I told him about hitchhiking down to Arizona and joining the New York Giants.

“Okay. I'll go.”

We made plans to leave next morning.

My last night at home. I cried in bed, remembering things: my brothers and sisters, Christmas Eve, my dog Rex, my rabbits, my mother, my school days, the smell of hot bread. It was good-by to all those things, to Mom and Dad and Colorado.

They would find me gone in the morning. I was probably ruining my mother's life, but it didn't matter so much with my father. He would have regrets, of course. I could see him there, as the years passed, holding my picture, tears in his eyes, saying: “Come back, son; all is forgiven. Play ball if you like.”

I watched the clock on the dresser. Burton and I had agreed to meet at six. At two in the morning I was still awake, listening to the old man's snores from the next room.

Now was the time. I slipped out of bed and crawled on my stomach across the floor to the chair where my father's pants were folded. My hand found his wallet in the back pocket, and I examined it in the moonlight. There were two bills—a five and a ten. It was ten more than I'd expected. I put the wallet back, crawled out of the room, and waited for the new day.

Burton was waiting in front of the First National Bank. It was six o'clock and very cold. White clouds smothered the mountains, and the wind came from the north. It meant snow.

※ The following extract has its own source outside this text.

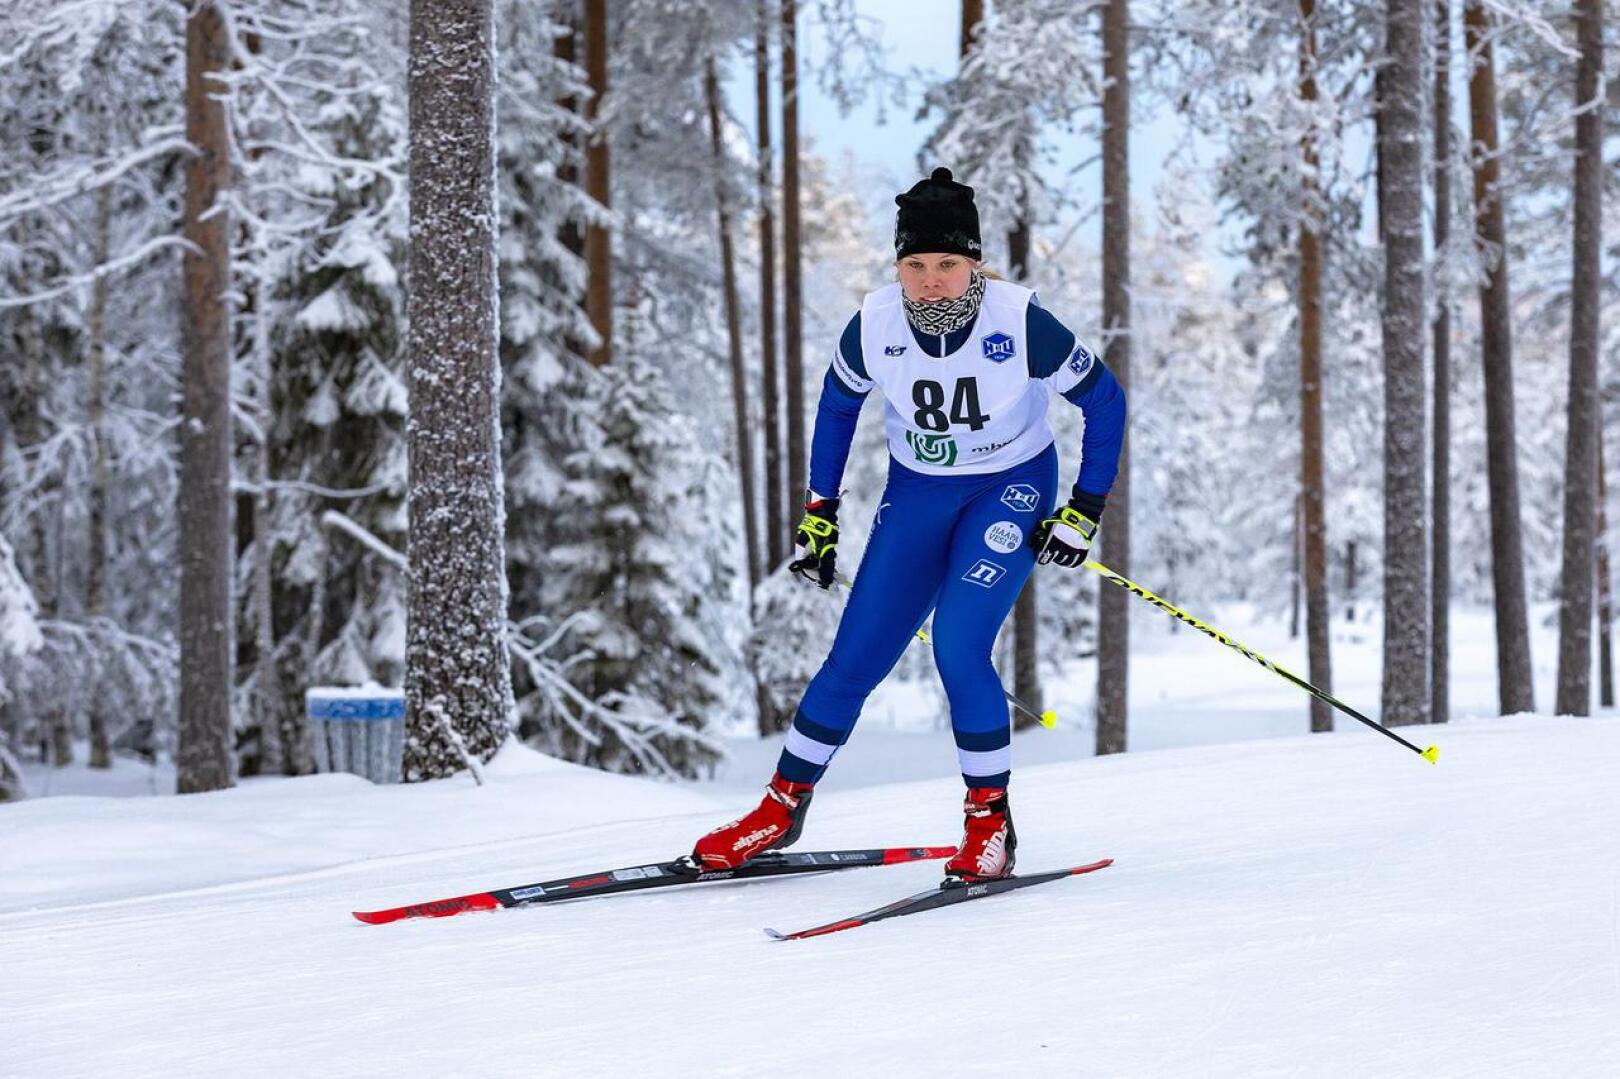 Viivi Jylänkiä jäi harmittamaan ensimmäisissä SM-hiihdoissa, ettei rohjennut lähteä heti startista rohkeammin liikkeelle. Arkistokuva.

“We sure picked a great day,” Burton said.

He hadn't had much luck. There was nothing at all in his father's pockets, so he had been forced to steal seven dollars from under his grandma's mattress. “We got twenty-two bucks,” I said. “We'll make it easy.”

We were on the highway. Traffic was so scarce that it was fifteen minutes before we even saw a car. Then a milk truck passed. Burton's teeth chattered, and he said his feet were cold.

“We'll never make it to Phoenix, Jake. We won't get out of Boulder, even.”

It began to snow—light and fluffy at first. By six thirty it was roaring down as if the sky had caved in. A few more cars passed, none going our way. We weren't dressed for snow. We wore our red baseball sweaters with the white block B woven on the chest.

“Well, here we are,” Burton said. “Still in Boulder, Colorado. Let's go down to the school and sit in the furnace room. We'll never make Arizona in this blizzard.”

“So you're yellow,” I said.

“I ain't yellow.”

“Then what are you?”

“Just cold.”

We heard a truck coming. It was barely visible in the storm. I ran out and waved. The truck stopped. Two men were in the cab. They were driving to Fort Collins, twenty-five miles away.